= WORK INSTRUCTIONS =
In your copy of the data, keep every word exact and include no pictures.

= SOURCE DATA =
◆ ◆ ◆
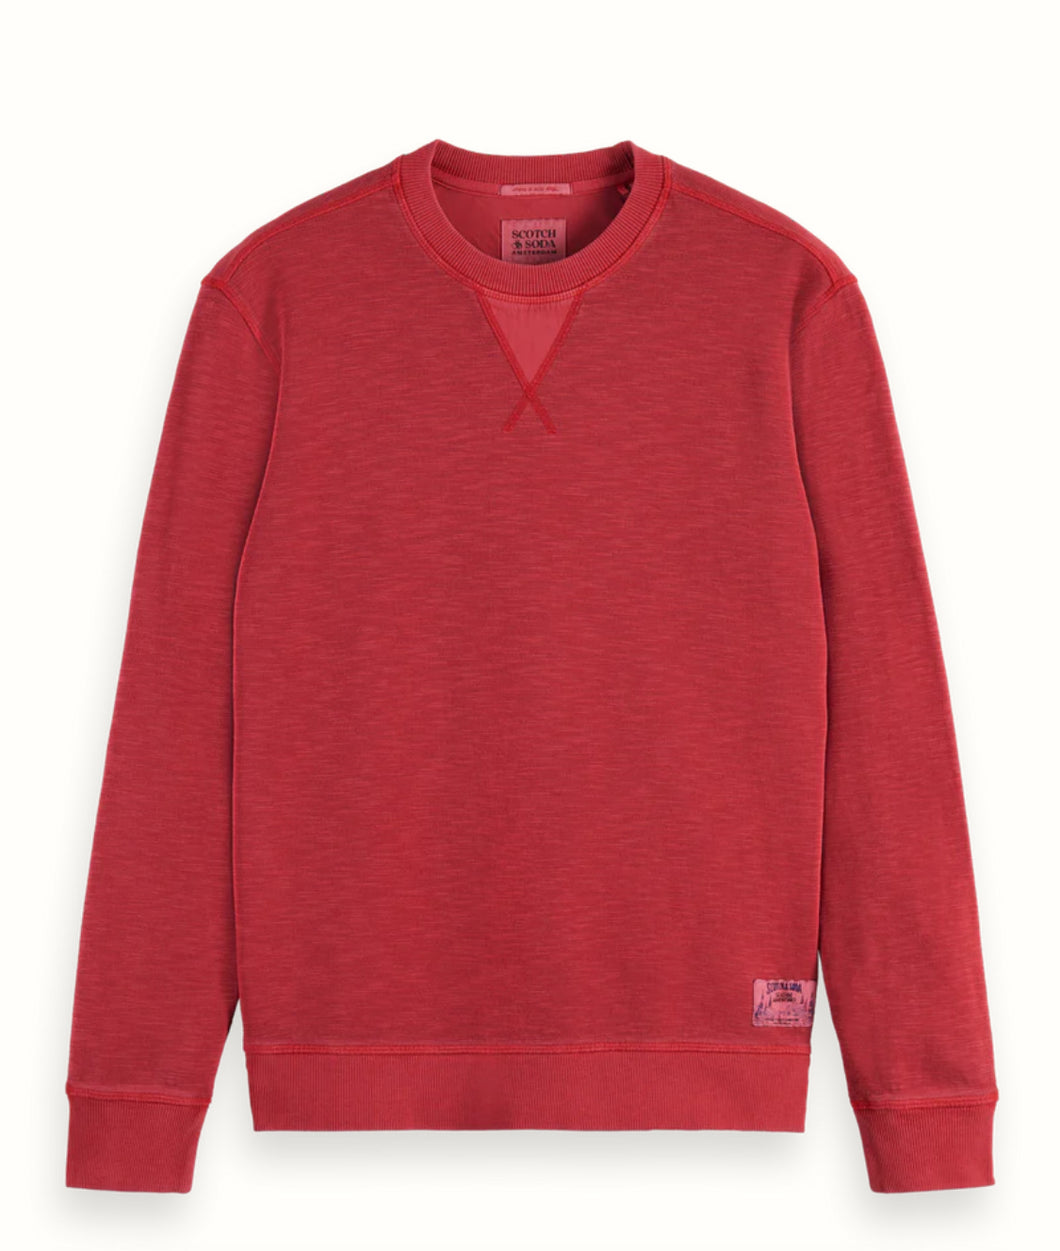 SCOTCH & SODA - Garment Dye Structured Sweatshirt
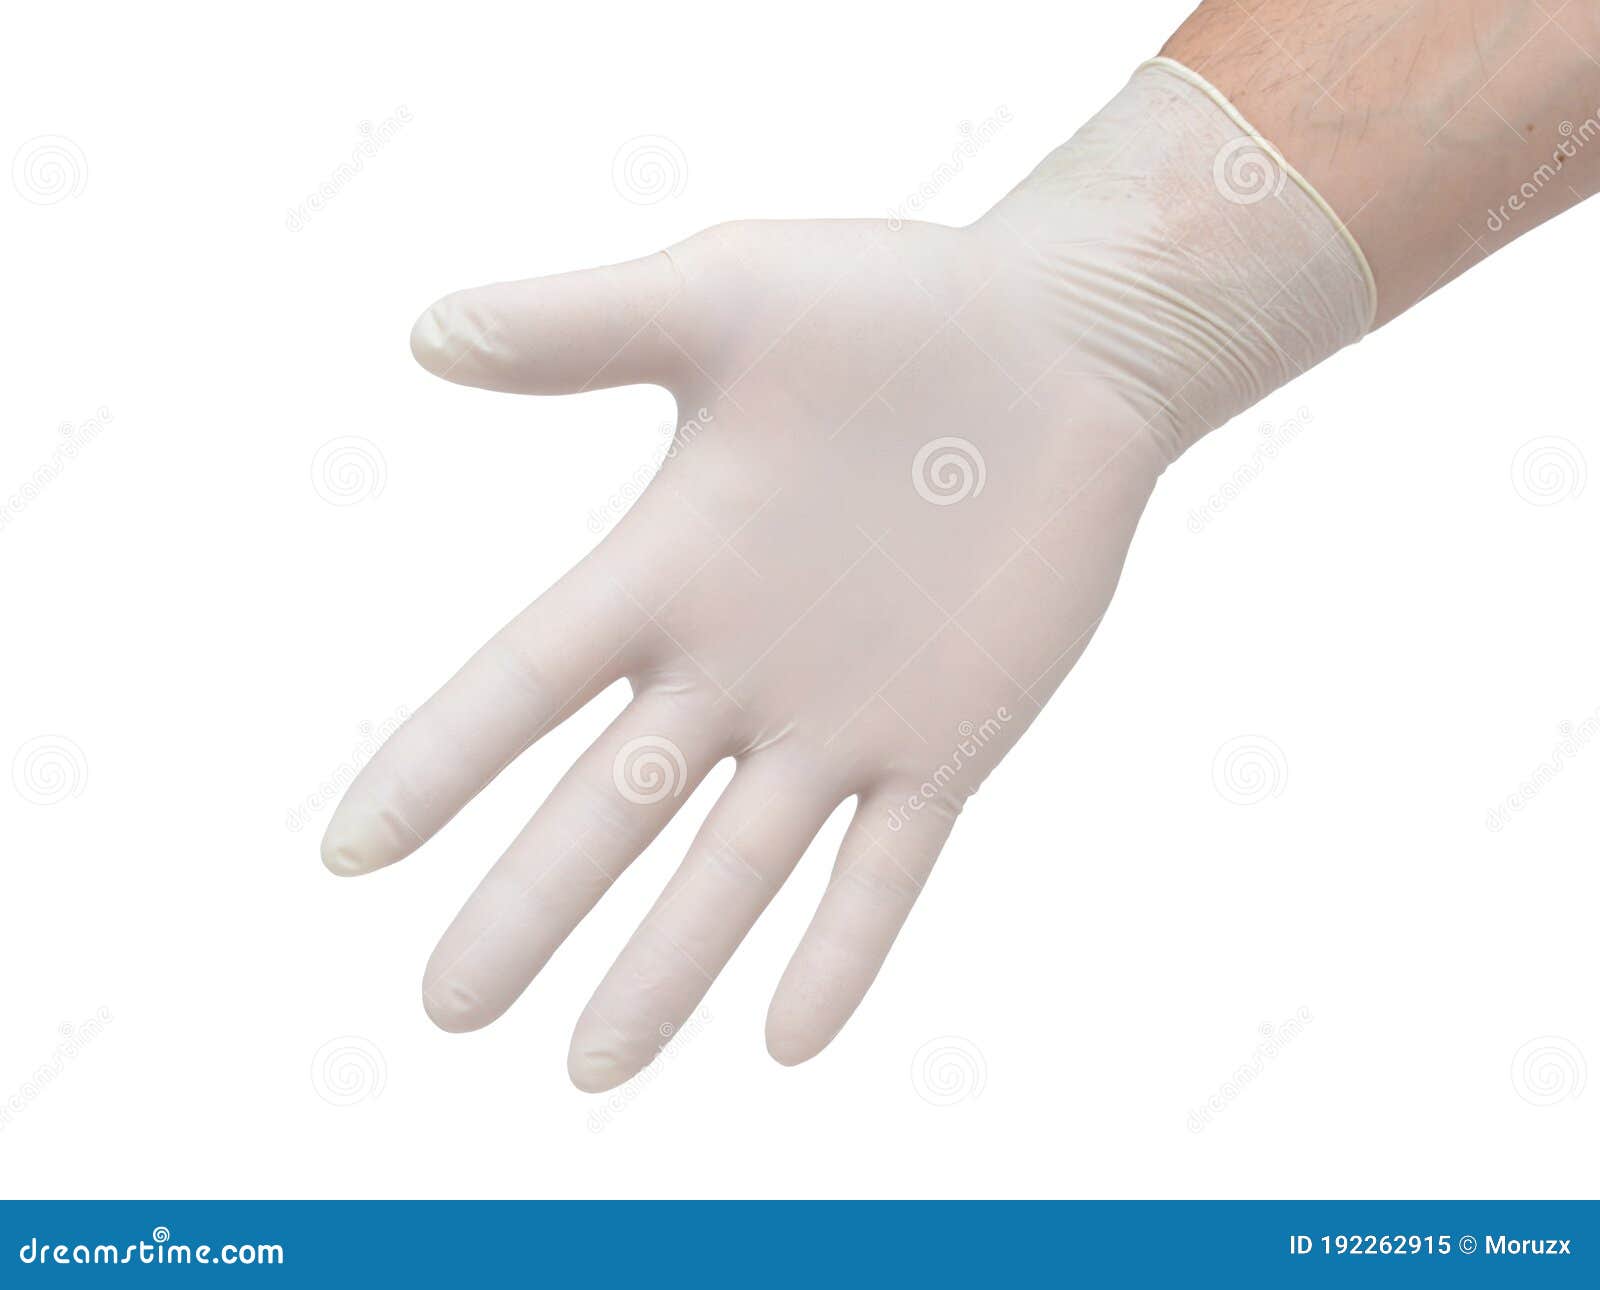 latex glove  on white background. medical gloves.
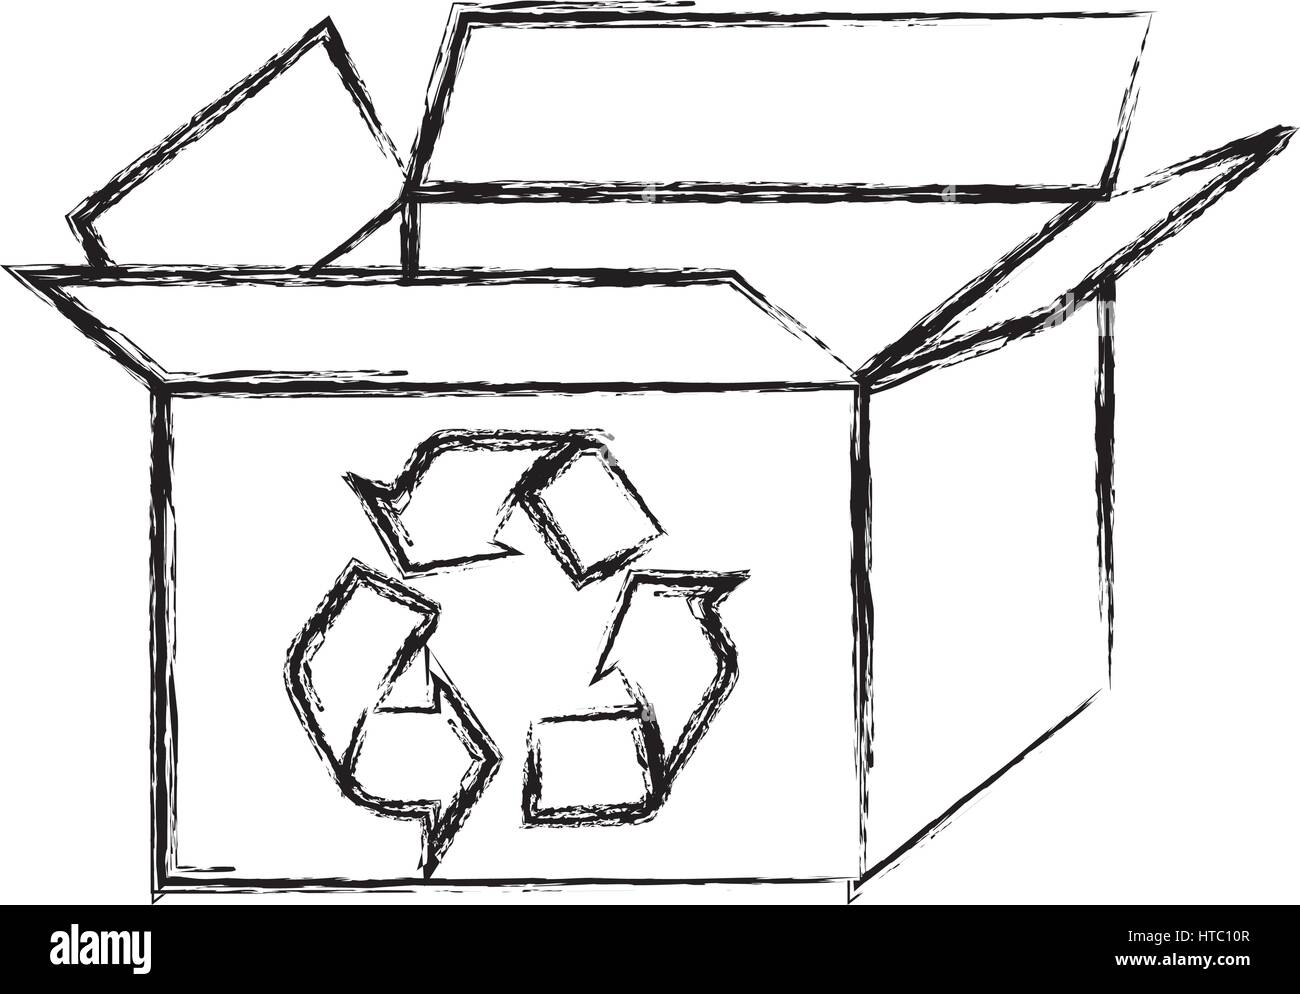 verschwommene Silhouette Karton mit recycling-symbol Stock-Vektorgrafik -  Alamy
◆ ◆ ◆
= SOLUTION FOR THIS PROBLEM =
 SCOTCH & SODA - Garment Dye Structured Sweatshirt
 latex glove  on white background. medical gloves.
 verschwommene Silhouette Karton mit recycling-symbol Stock-Vektorgrafik -  Alamy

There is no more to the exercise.